4) Selecting desired reduced data rate

In [33]:
honest_grads_reduced_data_rate = []

# random percentage selection method
data_rate_honest_gradients = 100

for epoch_honest in range(len(honest_grads_nparray)):

  honest_grads_one_epoch = []
  for gradient_honest in range(len(honest_grads_nparray[epoch_honest])):
    if random.random() < data_rate_honest_gradients/100:
      honest_grads_one_epoch.append(honest_grads_nparray[epoch_honest][gradient_honest])

  honest_grads_reduced_data_rate.append(honest_grads_one_epoch)

print("Number of honest epochs after reduced data rate: {}".format(len(honest_grads_reduced_data_rate)))

# check number of gradients and rates for first 10 epoch
print("First 10 epoch number of gradients and data rates:")
for i in range(10):
  print("({}, {}%) ".format(
    len(honest_grads_reduced_data_rate[i]),
    round((len(honest_grads_reduced_data_rate[i])/len(honest_grads_nparray[i])),2)*100),
    end= " ")

Number of honest epochs after reduced data rate: 100
First 10 epoch number of gradients and data rates:
(782, 100.0%)  (782, 100.0%)  (782, 100.0%)  (782, 100.0%)  (782, 100.0%)  (782, 100.0%)  (782, 100.0%)  (782, 100.0%)  (782, 100.0%)  (782, 100.0%)  

5) Checking gradient and epoch sizes before training LOF

In [34]:
print("Number of FSHA Epochs: ",len(fsha_grads_nparray))
print("Length of one FSHA Epoch: ",len(fsha_grads_nparray[0]))
print("Length of one FSHA Grad: ",len(fsha_grads_nparray[9][20]))
print()
print("Number of Honest Epochs: ",len(honest_grads_reduced_data_rate))
print("Length of one Honest Epoch: ",len(honest_grads_reduced_data_rate[0]))
print("Length of one Honest Grad: ",len(honest_grads_reduced_data_rate[2][3]))

Number of FSHA Epochs:  100
Length of one FSHA Epoch:  79
Length of one FSHA Grad:  1728

Number of Honest Epochs:  100
Length of one Honest Epoch:  782
Length of one Honest Grad:  1728


6) Anomaly Detection using Local Outlier Factor(LOF)

In [None]:
from sklearn.neighbors import LocalOutlierFactor

window_size_list = [1, 10]

for window_size in window_size_list:
  Total_TP_ind1 = 0
  Total_FP_ind1 = 0
  t_detection_point = 0

  # get TPR(True Positive Rates) results
  # train LOF with (N)th honest epoch and predict (N)th FSHA epoch
  for epoch_fsha in range(len(fsha_grads_nparray) - 1): # for FSHA EPOCHS

    honest_epoch_len = len(honest_grads_reduced_data_rate[epoch_fsha])
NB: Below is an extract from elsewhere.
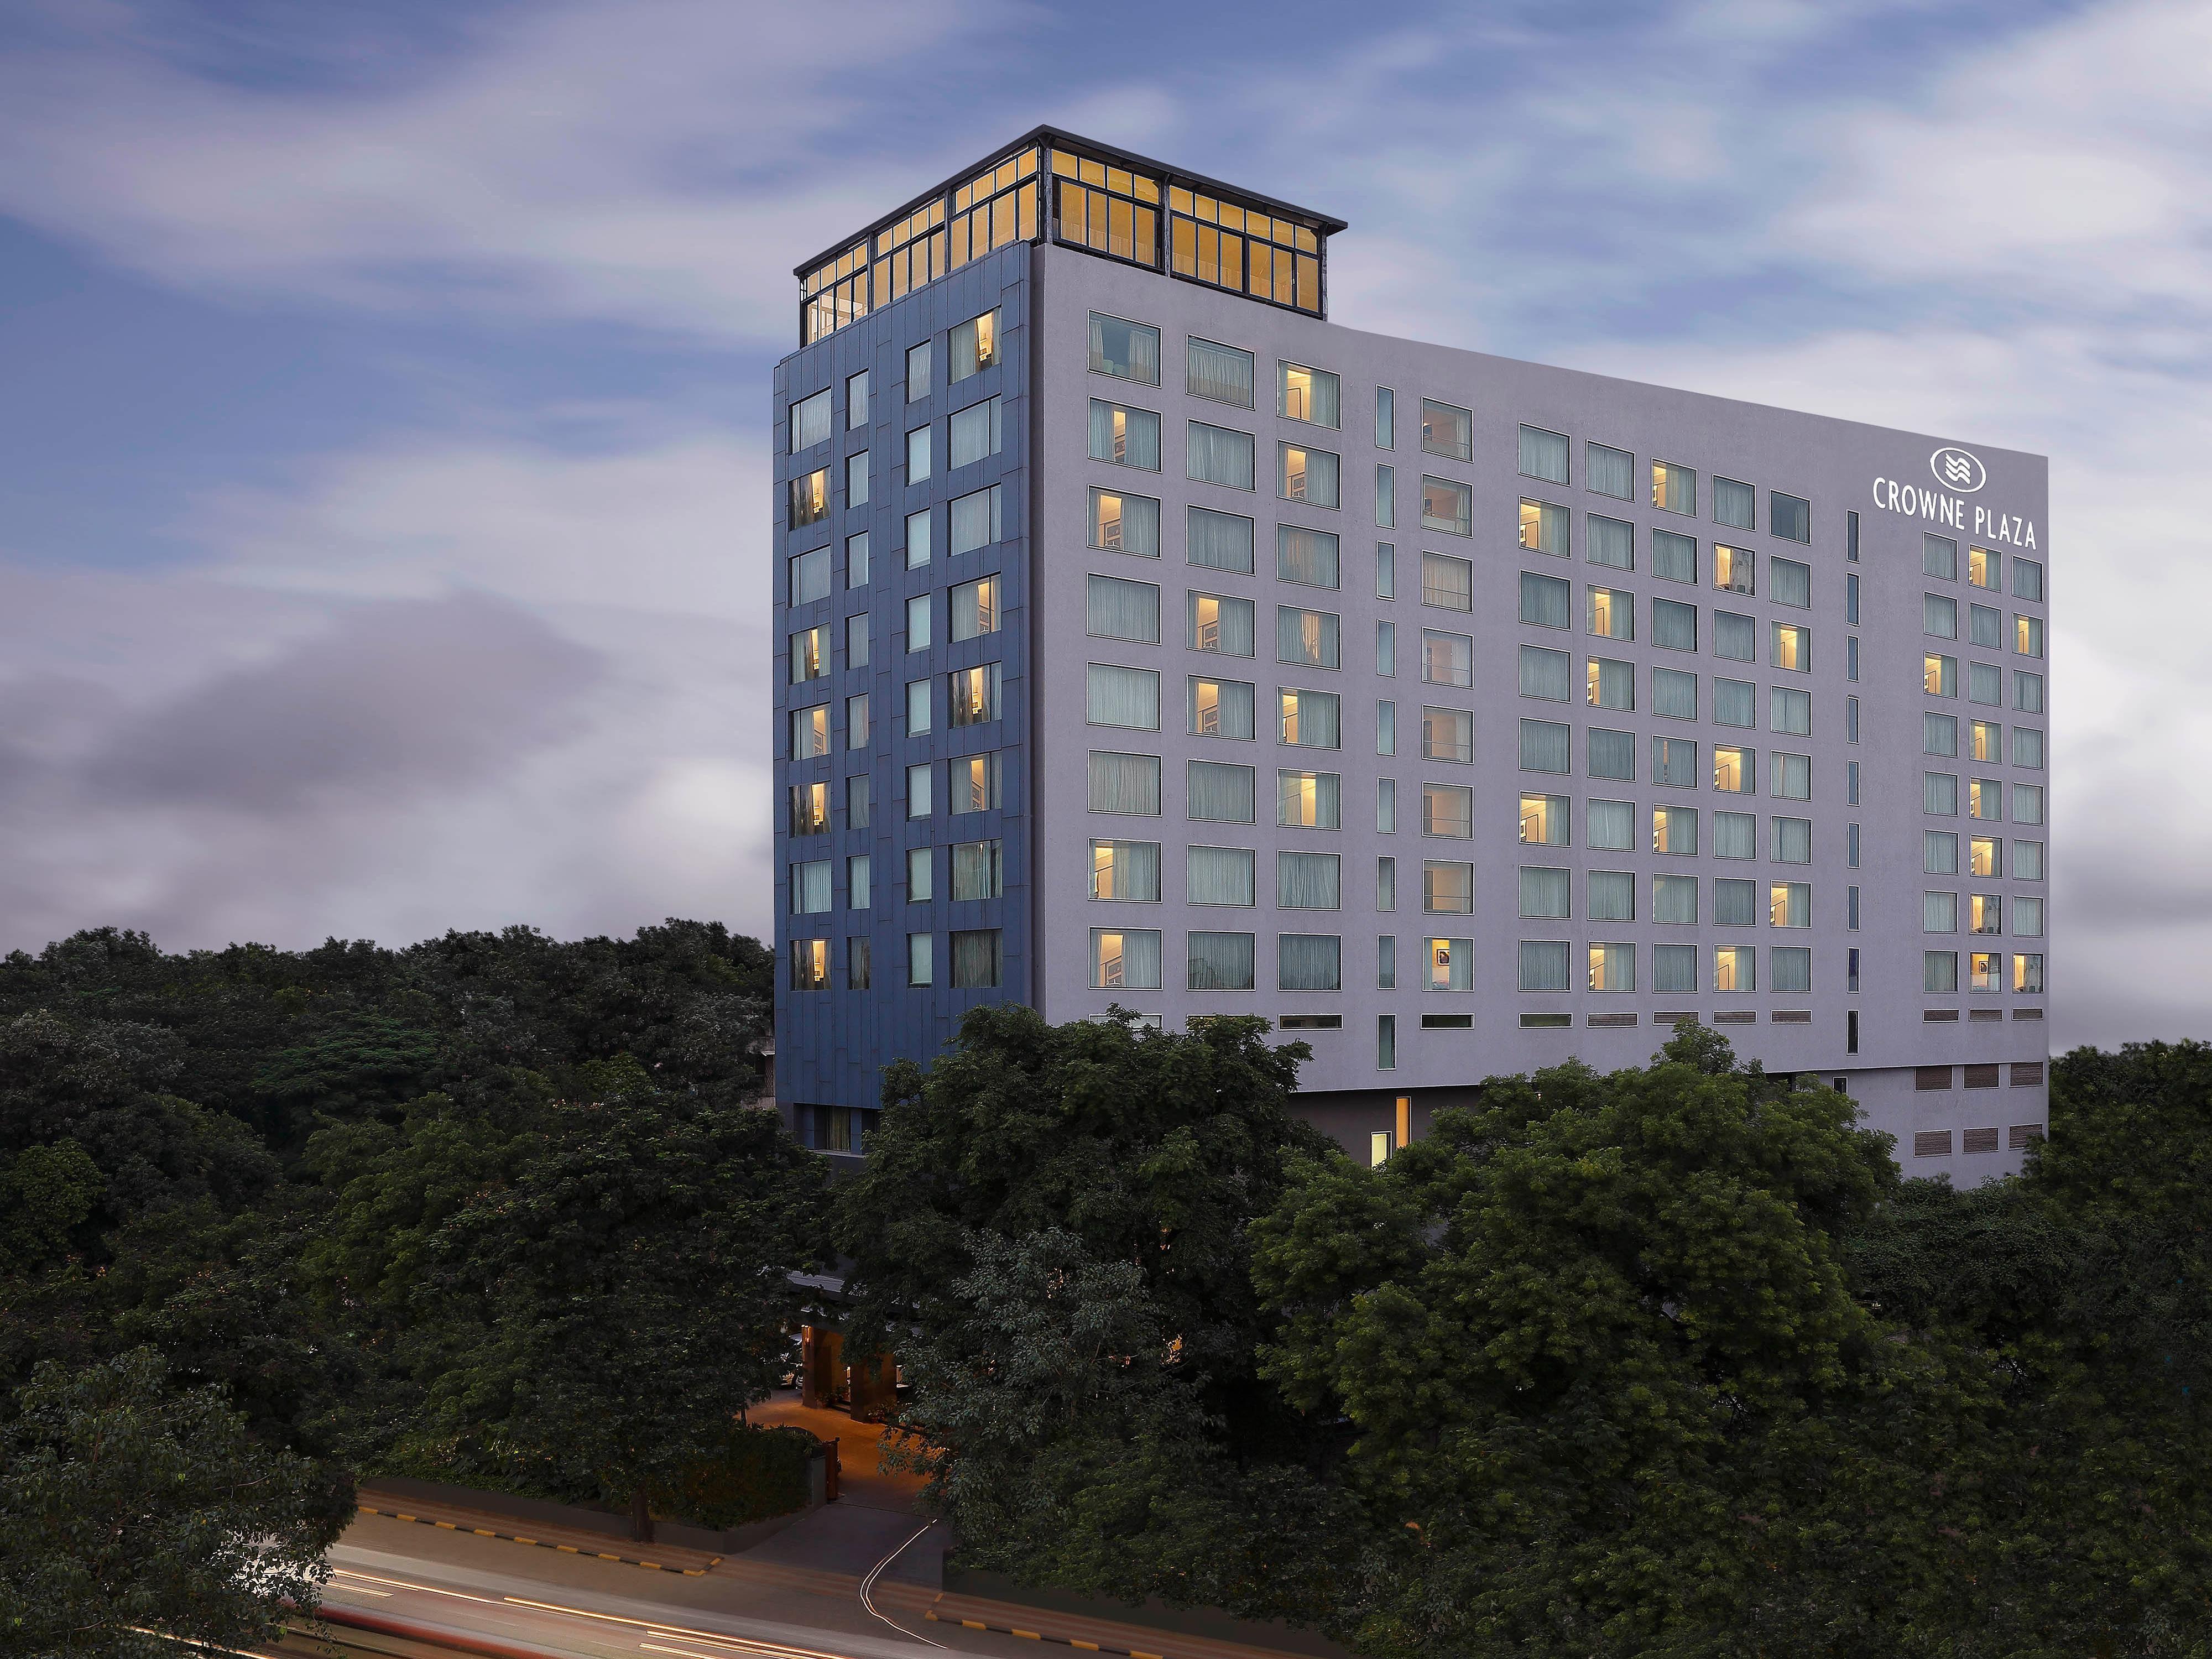 Hotel Delhi City Centre Crowne Plaza Pune City Centre Pune India
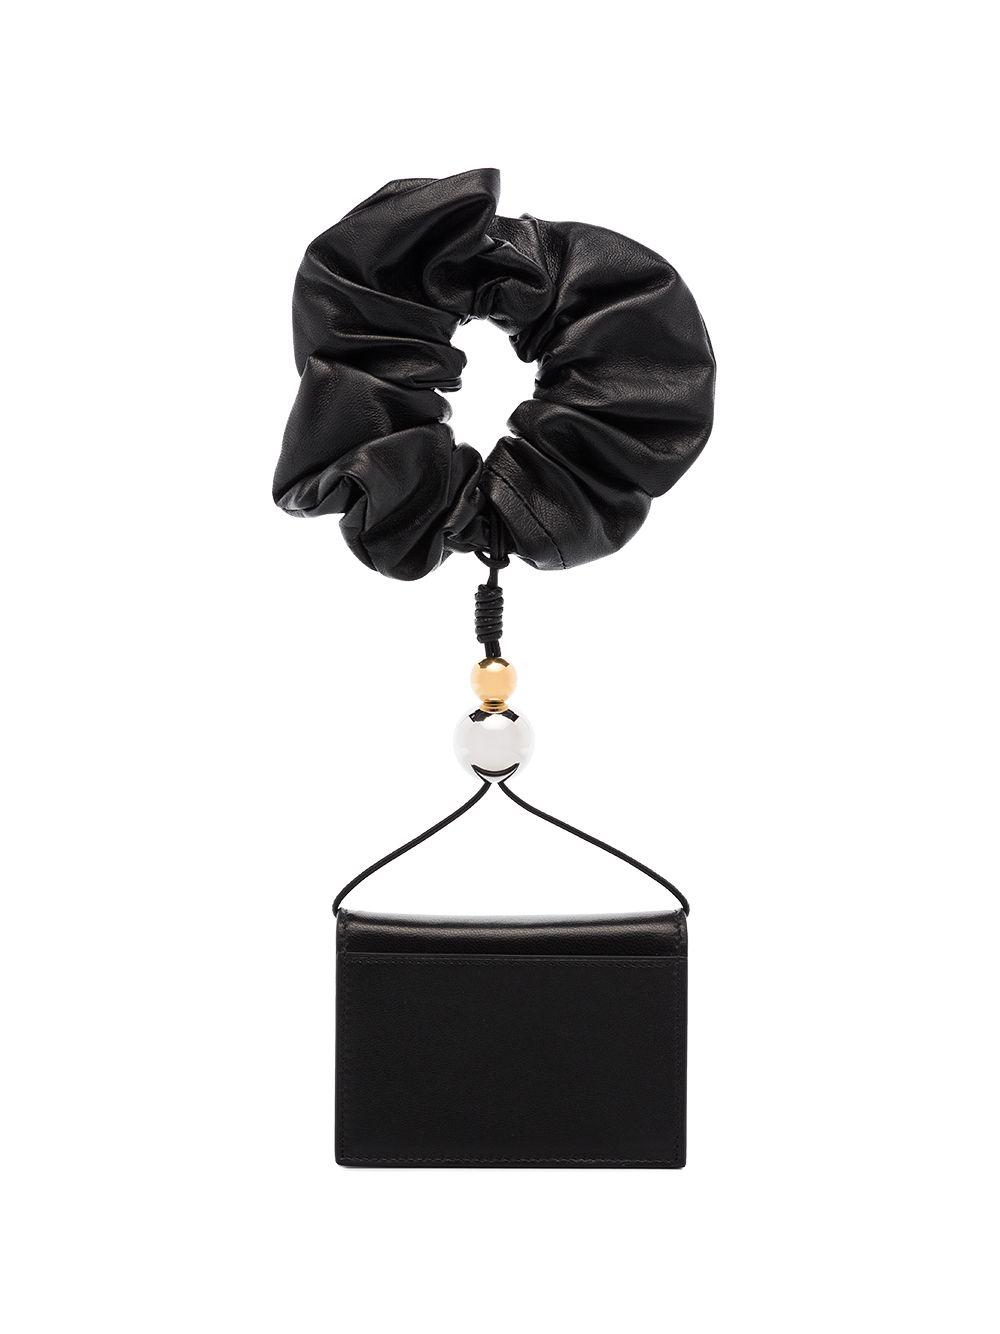 JIL SANDER JIL SANDER | Hand bags | JSPR840134001

    time_lof_training_start = time.time()
    lof = LocalOutlierFactor(n_neighbors = (honest_epoch_len-1), novelty = True)
    # train LOF with new epoch's gradients
    lof_novelty = lof.fit(honest_grads_reduced_data_rate[epoch_fsha])
    time_lof_training_end = time.time()

    # print(f"# neighbors: {honest_epoch_len-1}, "+
    #       f"  Trained Honest Epoch[{epoch_fsha}]: {honest_epoch_len},"+
    #       f"  Tested FSHA Epoch[{epoch_fsha}]: {len(fsha_grads_nparray[epoch_fsha])}")

    # print("Epoch: {} | [{}, {}, {}, {}],      t: {}".format(epoch_fsha,
    #   window_size, ind2, ind3, len(fsha_grads_nparray[epoch_fsha]),
    #   t_detection_point/len(fsha_grads_nparray[epoch_fsha])))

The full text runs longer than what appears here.